Mary Seeger O’Boyle Postdoctoral Fellow, 2022-2023 to 2023-2024

  • DegreePh.D., Art History, Venice & Fribourg University, 2021
    Dissertation
    The Life of Icons in Venice (13th-17th centuries)
    Research Project
    Entering the Venetian Casa: Byzantine Icons as Mirrors of Renaissance Visual Art (15th-17th centuries)
Contact Info

Danai Thomaidis is a Byzantine Art Historian specializing in the reception of Byzantine art, specifically icons, in the West. Her research interests focus on icon production and display in Venice and the Venetian Stato da Mar and on the relationship between domestic and public sphere in shaping religious identities. Further research interests include: cross-cultural interactions in the Mediterranean, Marian cult, Venetian colonialism in the Levant and its artistic production, sacred landscapes, the reception of Byzantium in modern times, art production in Venetian ruled Crete, Byzantine religious feasts and processions and the cultural physiognomy of Byzantine artifacts. Danai received her degrees from the Statale University of Milan (BA) and the Ca’ Foscari University of Venice (MA). She holds a Ph.D. in Art History from the University of Venice and the University of Fribourg, Switzerland. Her research has been supported by generous funding from the Leventis Foundation and the Swiss State Secretariat for Training, Research and Innovation (SEFRI). She has published articles in peer reviewed academic journals and has participated in international conferences. Before coming to Princeton Danai was a Postdoctoral fellow at the Stavros Niarchos Foundation Centre for Hellenic Studies at Simon Fraser University in Vancouver. Her current book project, The Life of Icons in Venice, investigates the production, introduction, cult and display of icons in Venice, both in domestic and public urban spaces. It also presents the first complete catalogue of Greek icons displayed in Venetian churches. Using a range of evidence, the book offers a history of icon perception in Venice and the Venetian Levant.

About the Research Project

Entering the Venetian Casa: Byzantine Icons as Mirrors of Renaissance Visual Art (15th-17th centuries)

This project investigates the recreation of Renaissance paintings through the use of a combination of Byzantine icons and other paintings in Venice during the 15th -17th centuries. The aim is to analyze the tendency to reproduce, by means of private and personalized icon display, the contemporary paintings that Venetians would have viewed in the city’s churches. The project’s focus is mainly on church altars representing Charity acts, on paintings of Virtues and Vices and on representations of humanistic values. Comparing these iconographies with the assemblages of icons and paintings reported in the wills and inventories of the period under consideration, it is possible to identify similar iconographic patterns. For example, during the 15th century, some altarpieces began to represent the Virgin on a landscape background, including donor portraits.

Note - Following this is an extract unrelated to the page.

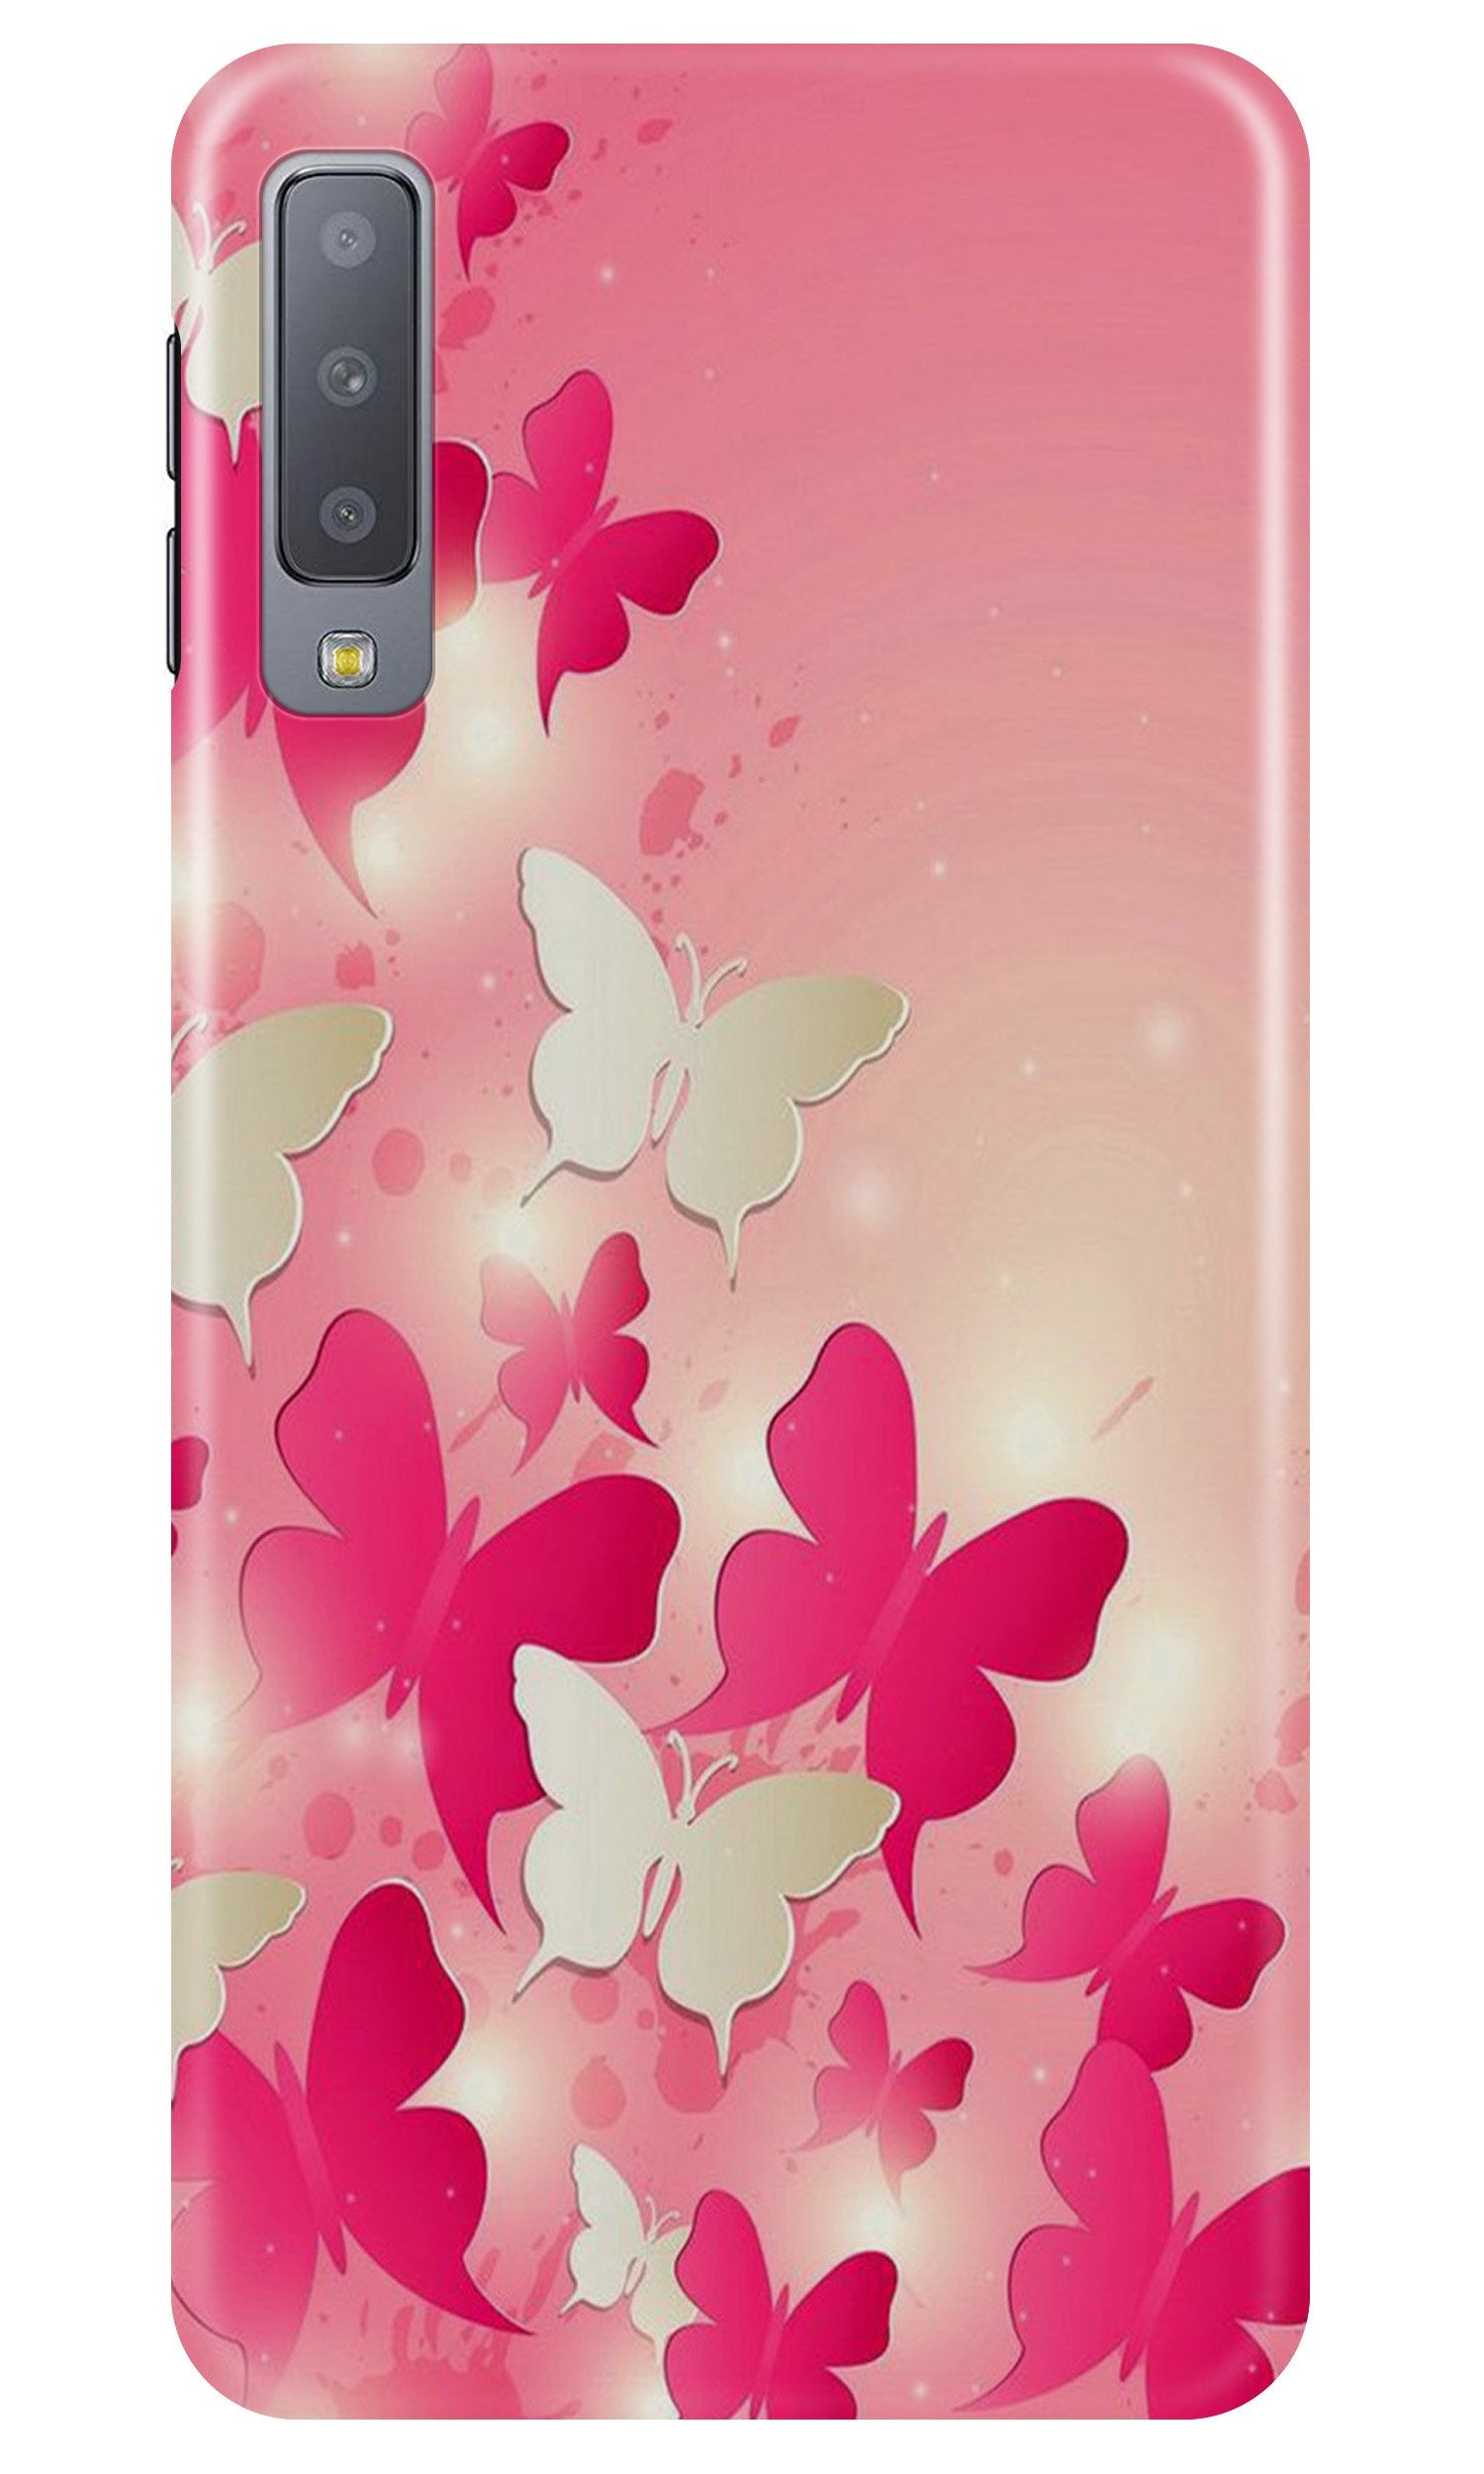 White Pick Butterflies Case for Samsung Galaxy A70

During the same period Venetians recreated similar iconographic assemblages in their private houses by hanging icons of the Virgin, landscape paintings and donor portraits in the same room. The results of such an enquiry will contribute to the general understanding of the perception and projection of the self in a more diachronic and cross-cultural perspective, of the pivotal role of display in social interactions and of the political and cultural impact of Byzantine icons in the West.